Are LLM-Judges Robust to Expressions of Uncertainty? Investigating the effect of Epistemic Markers on LLM-based Evaluation
Dongryeol Lee, Yerin Hwang, Yongil Kim, Joonsuk Park, Kyomin Jung
TL;DR
EMBER introduces a benchmark to quantify how LLM-judges evaluate outputs in the presence of epistemic markers, addressing a gap in honesty-alignment research. It defines EMBERQA and EMBERIF to probe single and pairwise evaluations, with outputs augmented by strengtheners and weakeners drawn from real-world usage. Across five LLM-judges, results show a consistent bias against epistemic markers, with stronger effects for weakeners and a robustness trend that improves with model scale but remains incomplete, as measured by the $VSR$ (Verdict Switch Rate). Human judges show little to no bias toward markers, highlighting a gap between human and machine evaluation and underscoring the need for robust, fair evaluation protocols. The findings have real-life implications, including potential misranking of stronger models when their outputs include uncertainty expressions.
Abstract
In line with the principle of honesty, there has been a growing effort to train large language models (LLMs) to generate outputs containing epistemic markers. However, evaluation in the presence of epistemic markers has been largely overlooked, raising a critical question: Could the use of epistemic markers in LLM-generated outputs lead to unintended negative consequences?
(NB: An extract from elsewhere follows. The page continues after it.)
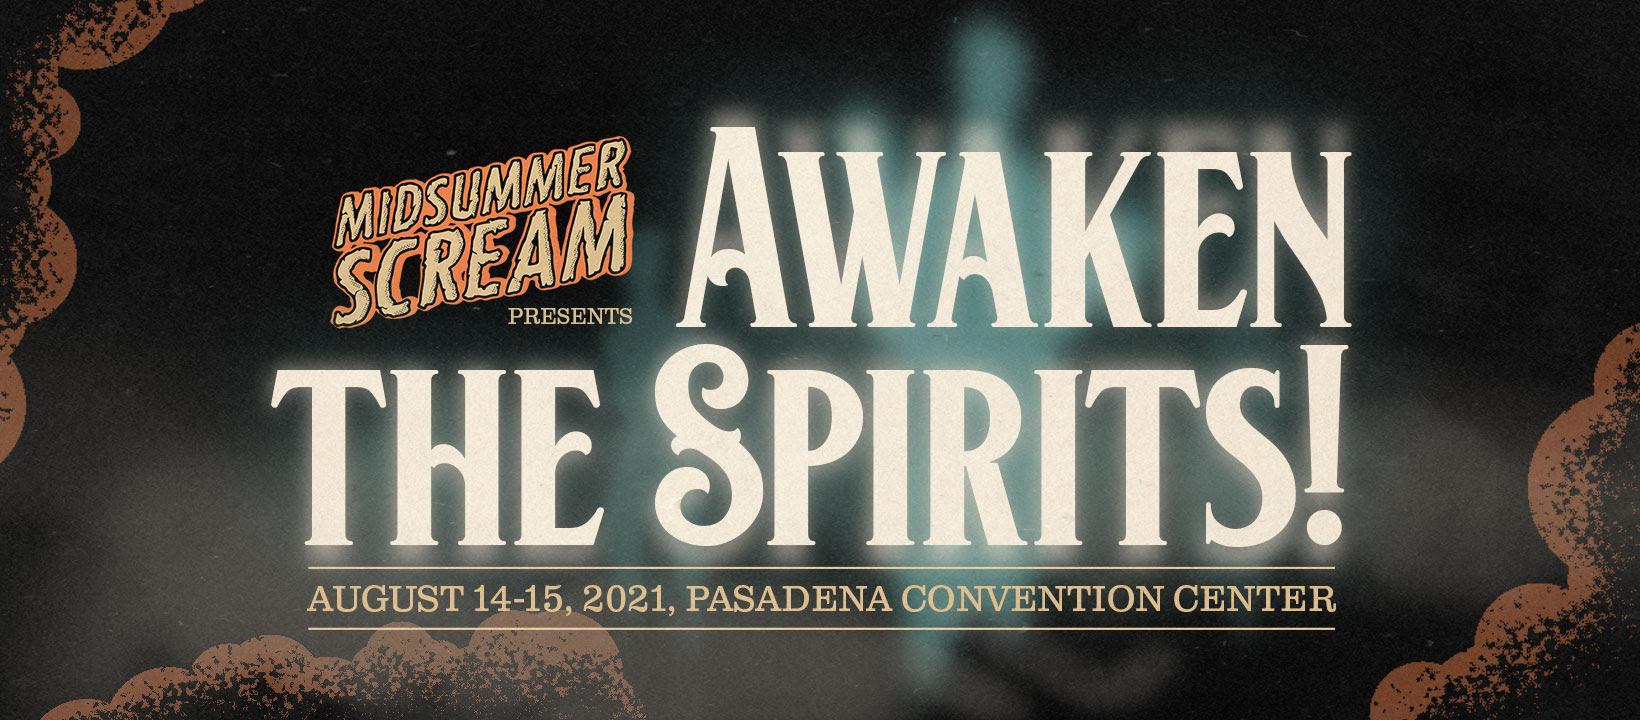 [News] Midsummer Scream Announces AWAKEN THE SPIRITS! Pop-Up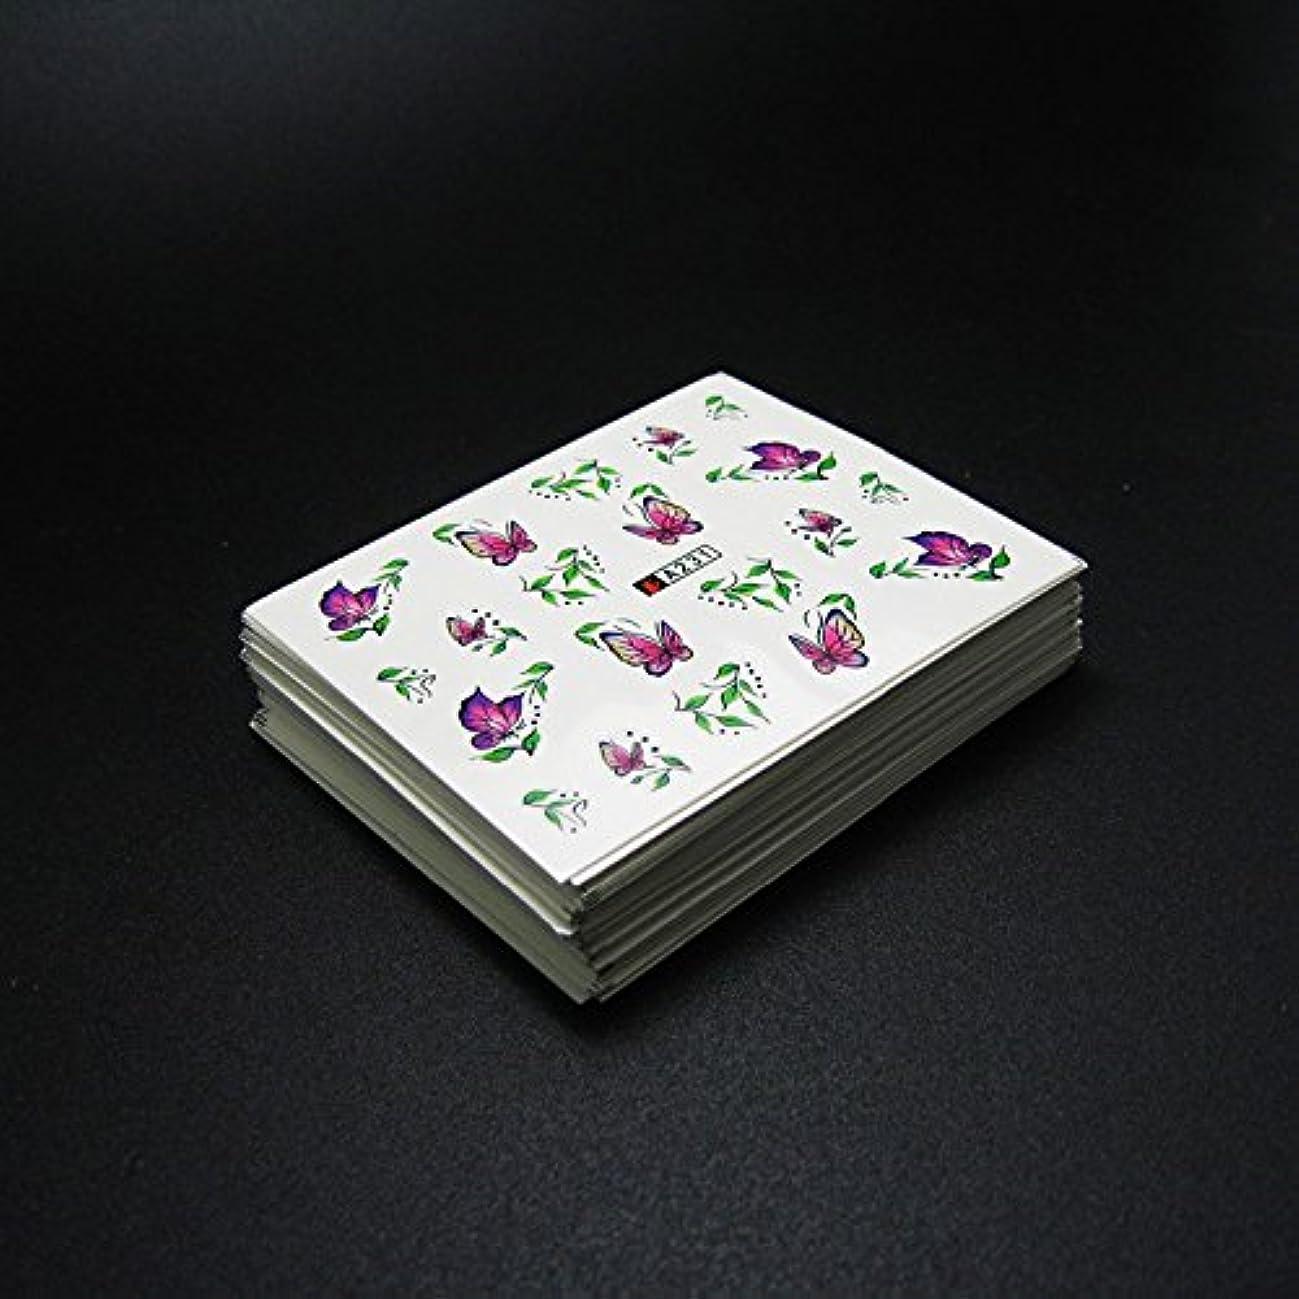 威信アラビア語殺人者50枚ネイルシールの花混在デザイン水転送ネイルアートステッカーウォーターマークデカールDIYデコレーション美容爪用ツール

To address this, we present EMBER, a benchmark designed to assess the robustness of LLM-judges to epistemic markers in both single and pairwise evaluation settings. Our findings, based on evaluations using EMBER, reveal that all tested LLM-judges, including GPT-4o, show a notable lack of robustness in the presence of epistemic markers. Specifically, we observe a negative bias toward epistemic markers, with a stronger bias against markers expressing uncertainty. This suggests that LLM-judges are influenced by the presence of these markers and do not focus solely on the correctness of the content.